**Instructions for the task**
In the entries below, find the line with "If you need" and the line with "2 Piece Jogger"; reproduce those two lines and all lines between them exactly, without pictures.

===== Material to process =====

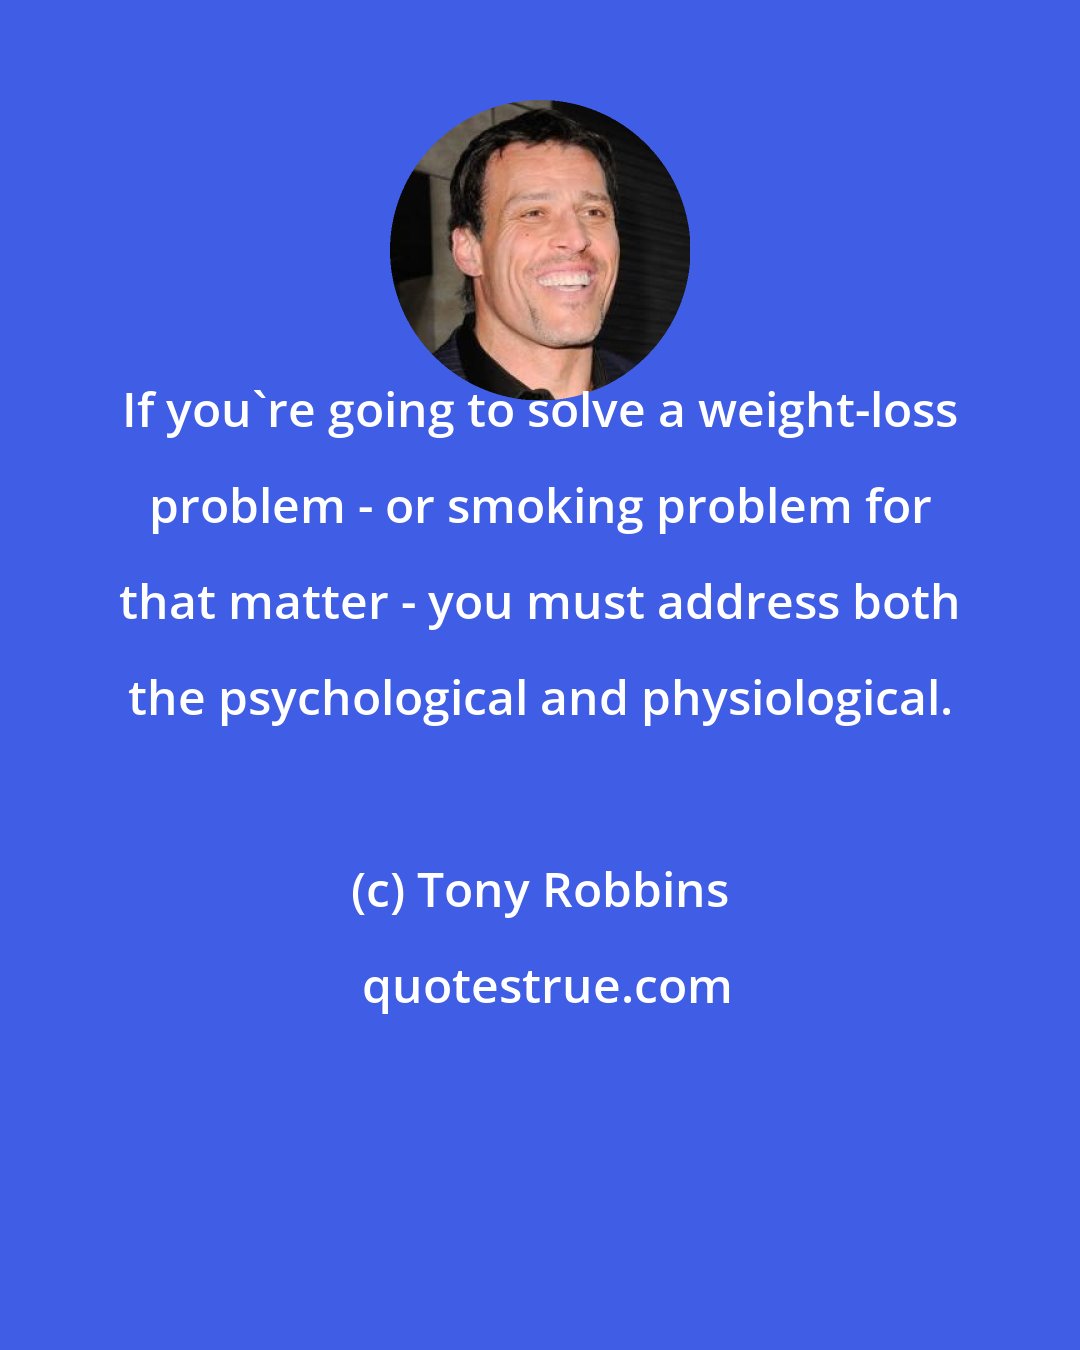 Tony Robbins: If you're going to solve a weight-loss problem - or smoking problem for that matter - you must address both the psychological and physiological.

=====
===== Material to process =====

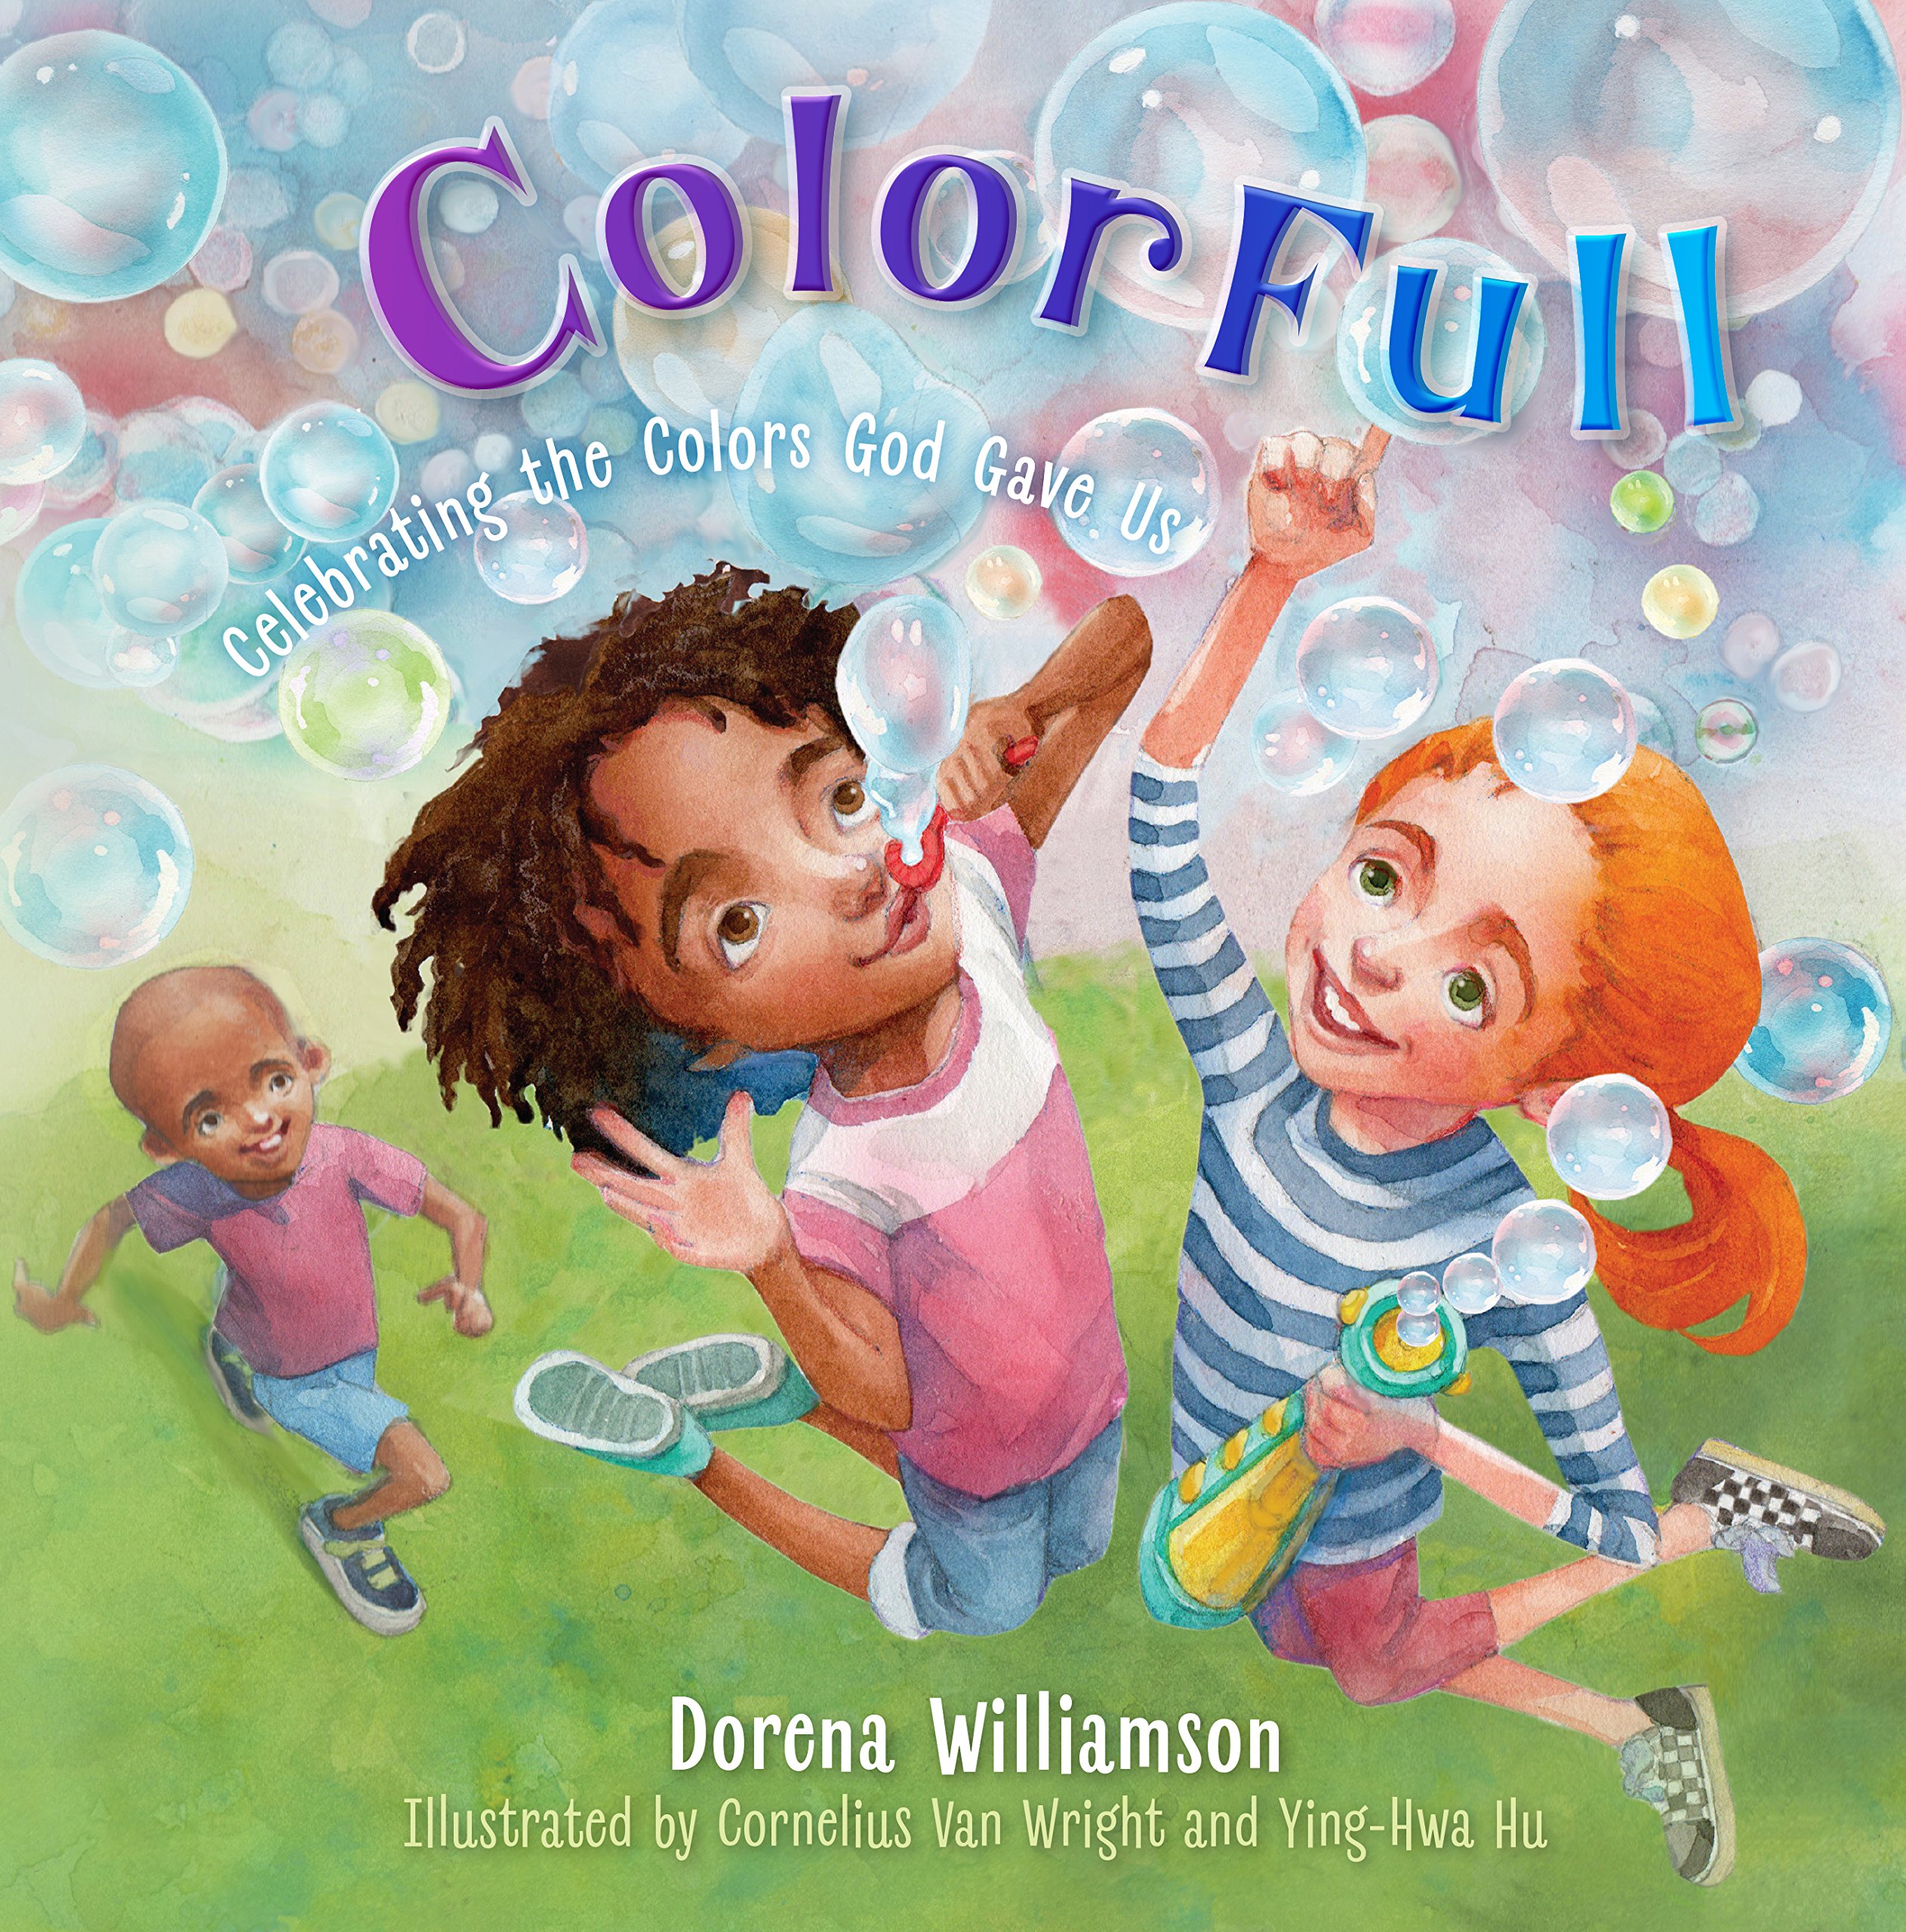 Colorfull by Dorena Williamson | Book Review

=====
===== Material to process =====

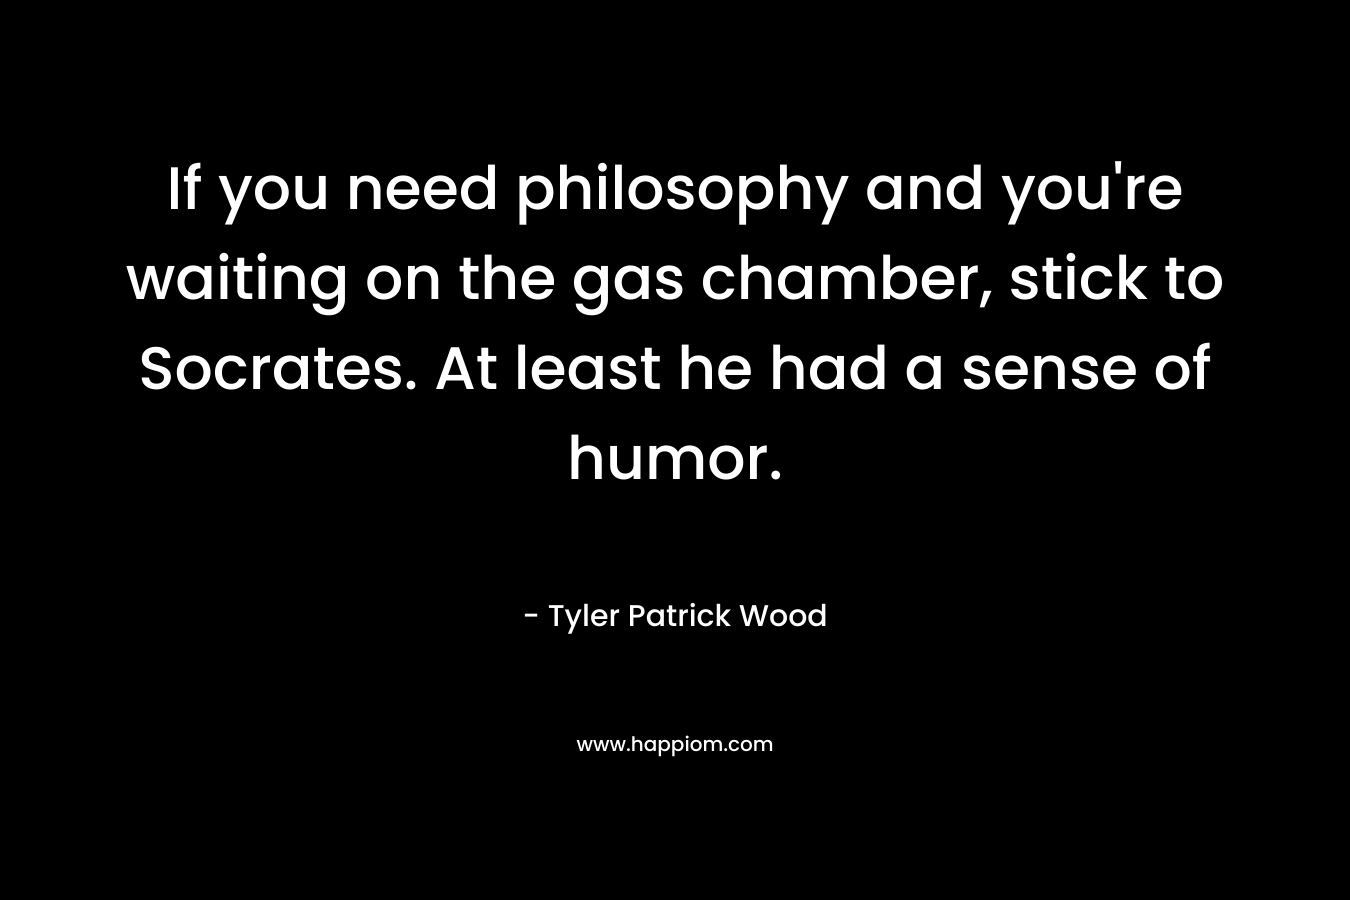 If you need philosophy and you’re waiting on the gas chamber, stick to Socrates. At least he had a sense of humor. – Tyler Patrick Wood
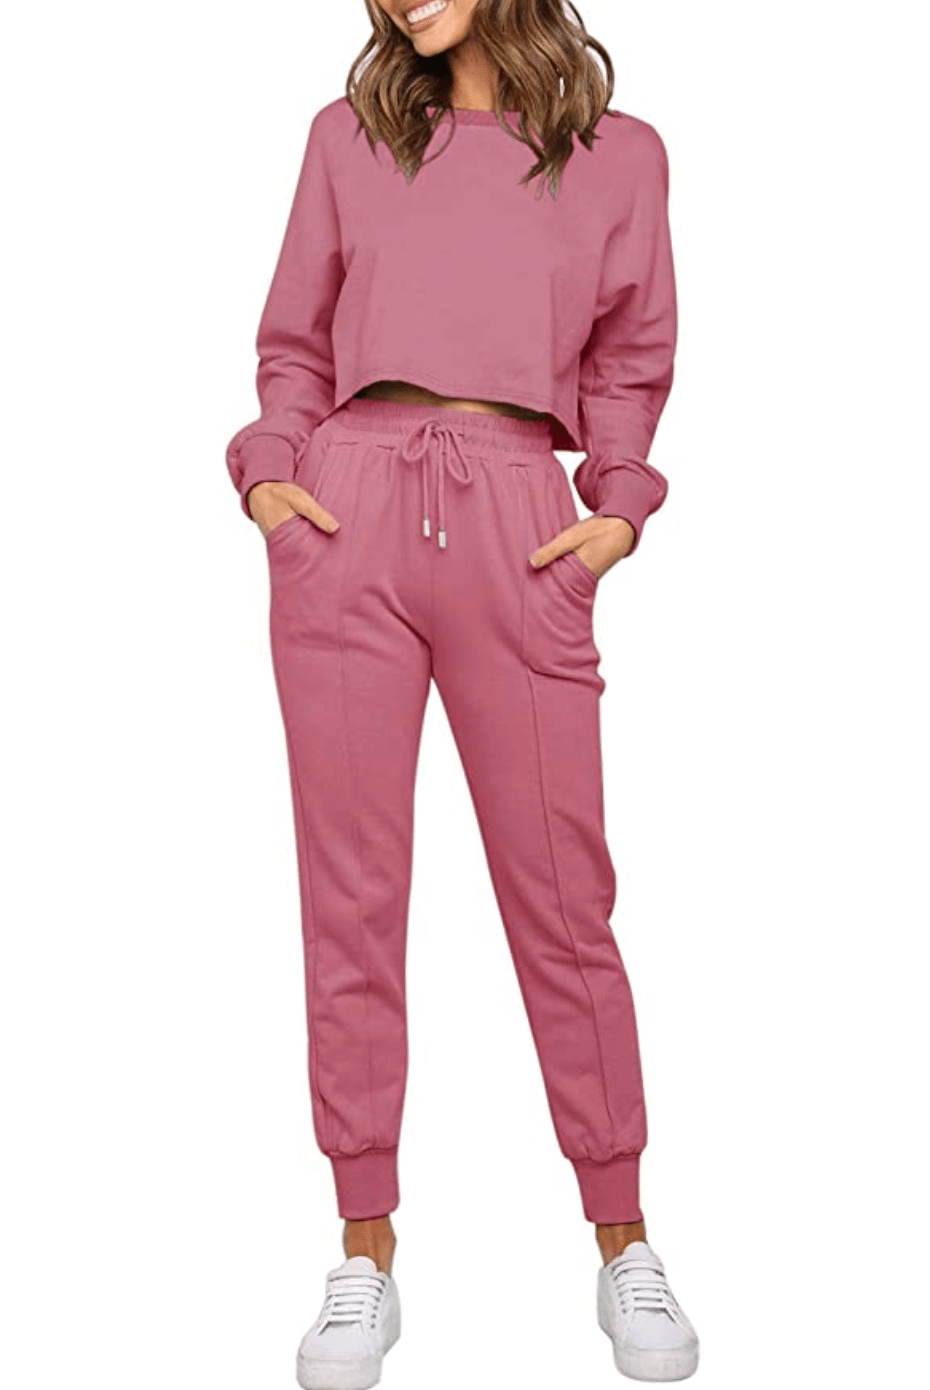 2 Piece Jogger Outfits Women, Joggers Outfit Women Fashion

=====

**Written answer**
 If you need philosophy and you’re waiting on the gas chamber, stick to Socrates. At least he had a sense of humor. – Tyler Patrick Wood
 2 Piece Jogger Outfits Women, Joggers Outfit Women Fashion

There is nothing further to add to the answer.